Чуть позже он поманил Памелу, теперь прекрасную девятнадцатилетнюю девушку, и, обняв ее за шею, поцеловал впервые за много лет.

«Дайте мне умереть», — сказал он.

После этого он больше не говорил. Еще немного, и печальная, усталая жизнь, которая длилась менее сорока девяти лет, закончилась: мечтатель и моралист, честный человек, уважаемый всеми, он никогда не был финансистом. Он закончил жизнь с меньшим, чем начал.

XV ЮНЫЙ БЕН ФРАНКЛИН

В третий раз смерть вошла в дом Клеменсов: теперь она не только принесла горе, но и изгнала свет нового состояния с самого порога. Катастрофа казалась полной.

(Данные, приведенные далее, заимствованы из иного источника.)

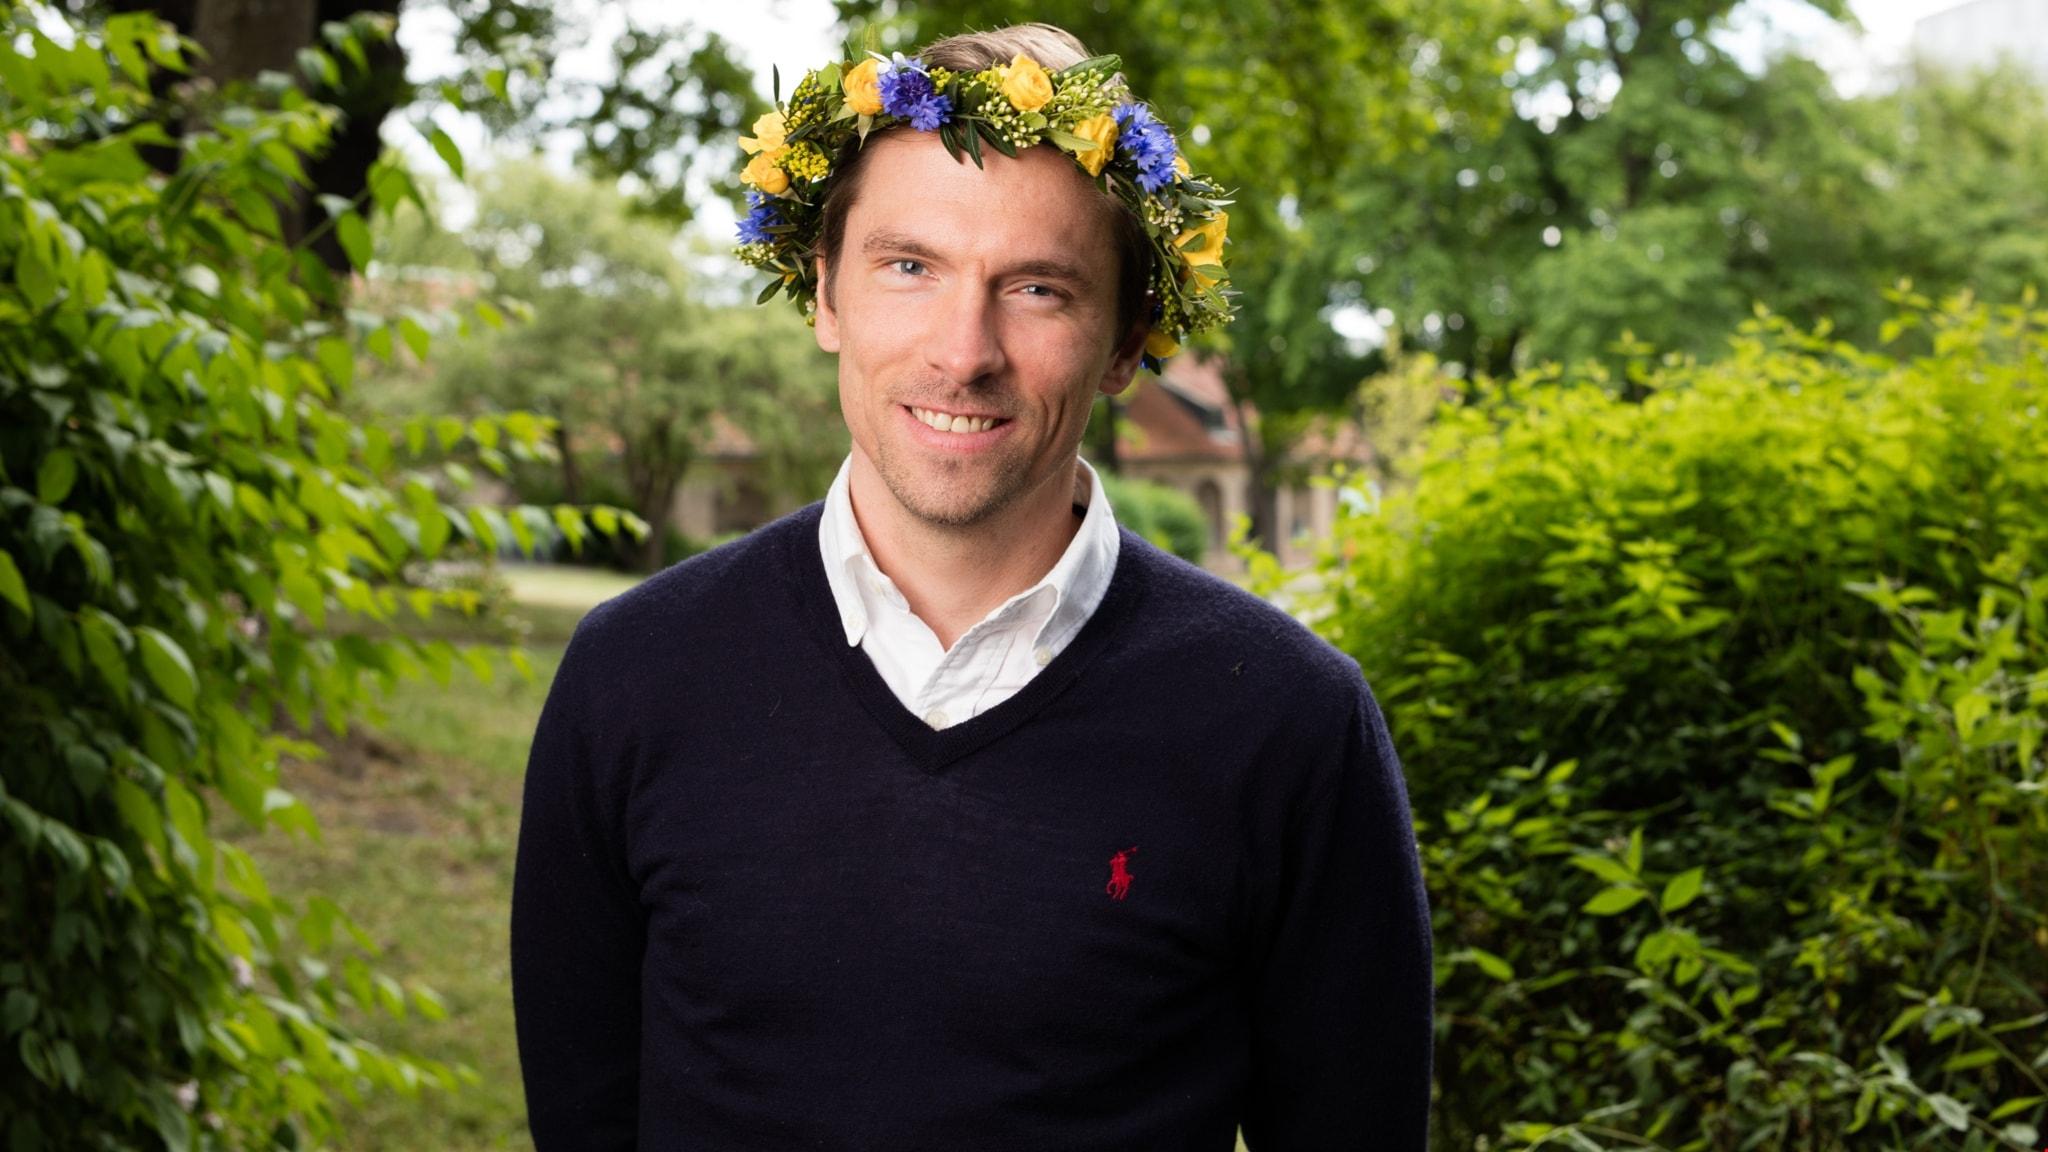 Johan Olsson krans

Дети были ошеломлены. Судья Клеменс был человеком сдержанным и холодным, но они любили его — каждый по-своему, — уважали его честность и благородство помыслов. Миссис Клеменс признавалась соседу, что, несмотря на свою манеру держаться, муж ее всегда был человеком сердечным и глубоко привязанным к семье. Они помнили, что он никогда не возвращался из поездки, не привозив каждому какого-нибудь подарка, пусть даже самого пустякового. Орион, глядя на следующее утро в окно, увидел старого Абрама Курца и услышал его смех. Он недоумевал, как кто-то еще может смеяться.

Мальчик Сэм был совершенно разбит. Угрызения совести, которые всегда обходились с ним безжалостно, теперь тяжело навалились на него. Дикие выходки, непослушание, равнодушие к отцовским желаниям — все вспомнилось разом; сотня вещей, самих по себе незначительных, показались чудовищными и разрывающими сердце при мысли о том, что их уже нельзя исправить. Видя его горе, мать взяла его за руку и провела в комнату, где лежал отец.

— Всё в порядке, Сэмми, — сказала она. — Что сделано, то сделано, и ему это уже не важно; но здесь, возле него, я хочу, чтобы ты пообещал мне...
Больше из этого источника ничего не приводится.